Human microvascular endothelial (HMEC-1) cells and epithelial A549 cells were cultured as described previously (12).

Transcriptional Analysis

HMEC-1 cells were grown to confluence and stimulated with IL-6 (20 ng/ml), IL-1β (20 ng/ml), or TNF-α (100 ng/ml) for 2, 4, 8, and 24 hours. Cells were also stimulated with increasing concentrations of the described cytokines. Afterward, real-time PCR was performed as described previously (12, 13). For details about the primer sets used, please see the online supplement.

Protein Analysis

Cells or murine tissues were analyzed by Western blotting, as described previously (12, 13). For details about the antibodies used, please see the online supplement.

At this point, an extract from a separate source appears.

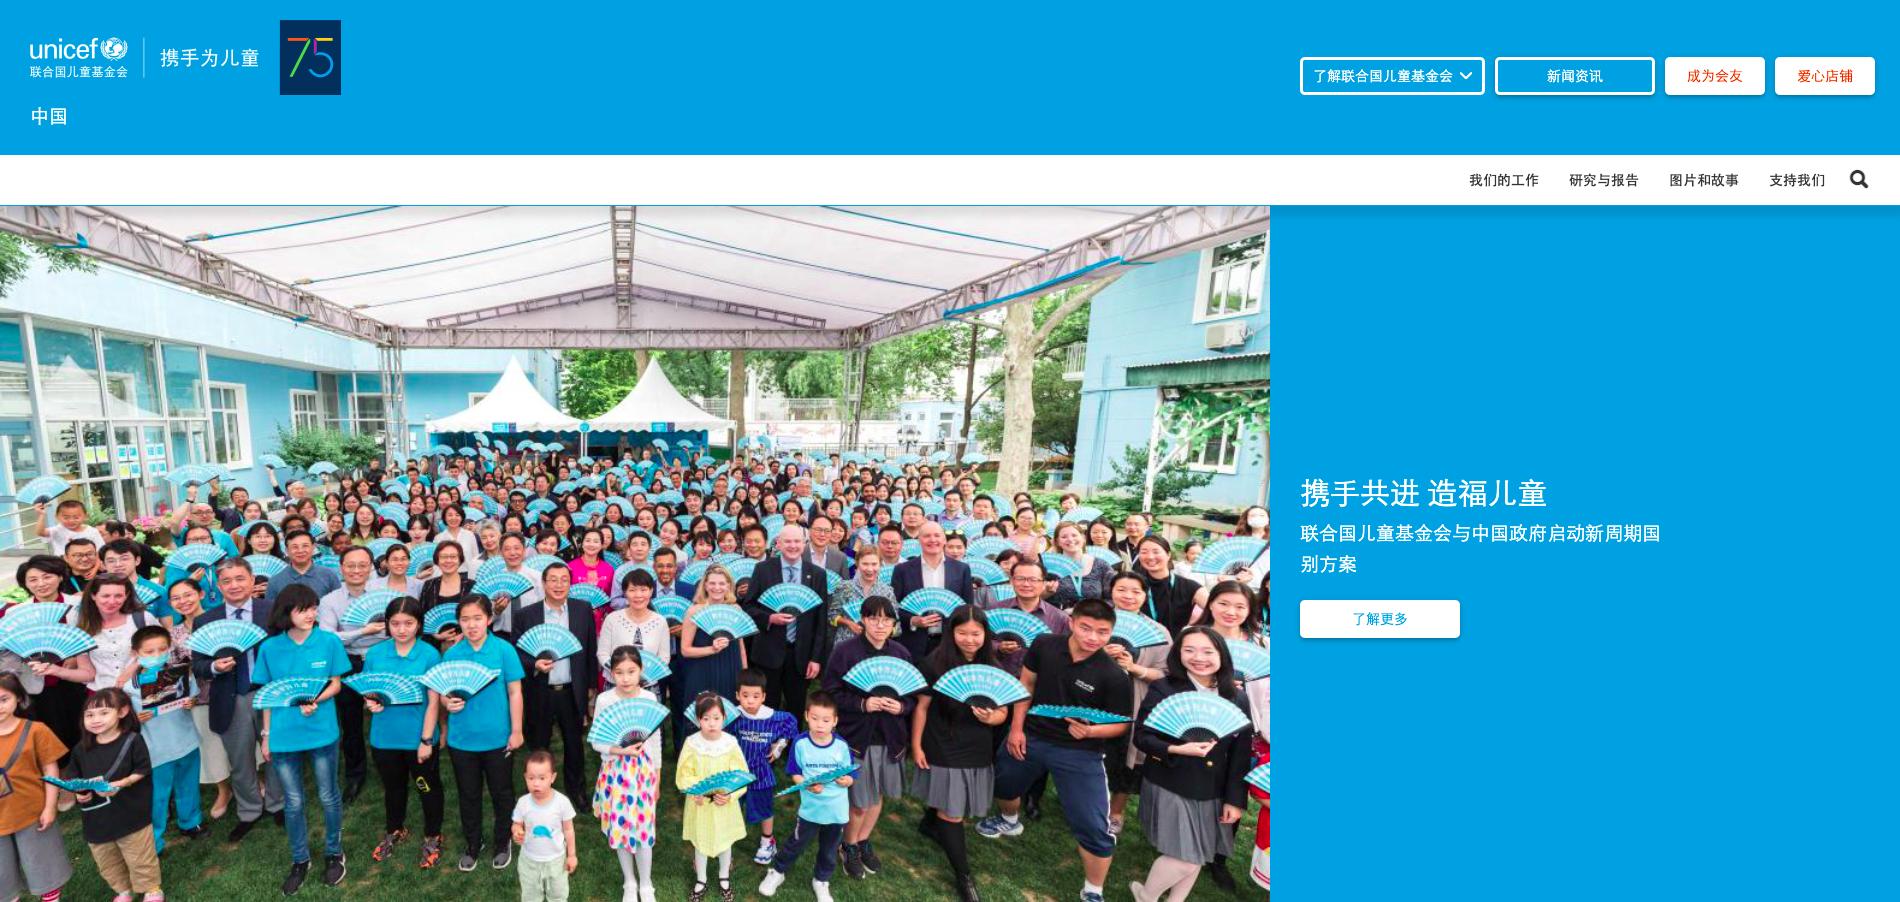 联合国儿童基金会中国网站

Differential Biotinylation of Apical or Basolateral Surface Proteins

Differentiation between the apical or basolateral expression of ENT1 and ENT2 was achieved as described previously (12).

ENT2 Reporter Assays

The promoter analysis and identification of the transcription start site, as well as of potential NF-κB binding sites, were performed using MatInspector by Genomatix (Munich, Germany), as described previously (14). The vector pGL4.17–expressing sequence corresponding to the full-length ENT2 promoter, either native (ENT2-FL, −500 to +331, 831 base pairs [bp]) or containing mutations in one of several potential NF-κB binding sites, namely, ENT2Δ+120 (bp +120 to +133), ENT2Δ−231 (bp −231 to −243), and ENT2Δ−331 (bp −331 to −343), were purchased from GeneArt AG (Regensburg, Germany). As a positive control for inflammation, cells were transfected with a poly (p)NF-κB–luciferase vector (Clontech, Mountain View, CA). After transfection with GeneJuice Transfection Reagent (EMD Biosciences, Inc., Darmstadt, Germany), cells were stimulated for 24 hours. Luciferase activity was assessed using a luciferase assay kit (Promega, Mannheim, Germany). All firefly luciferase activity was normalized with respect to total protein content.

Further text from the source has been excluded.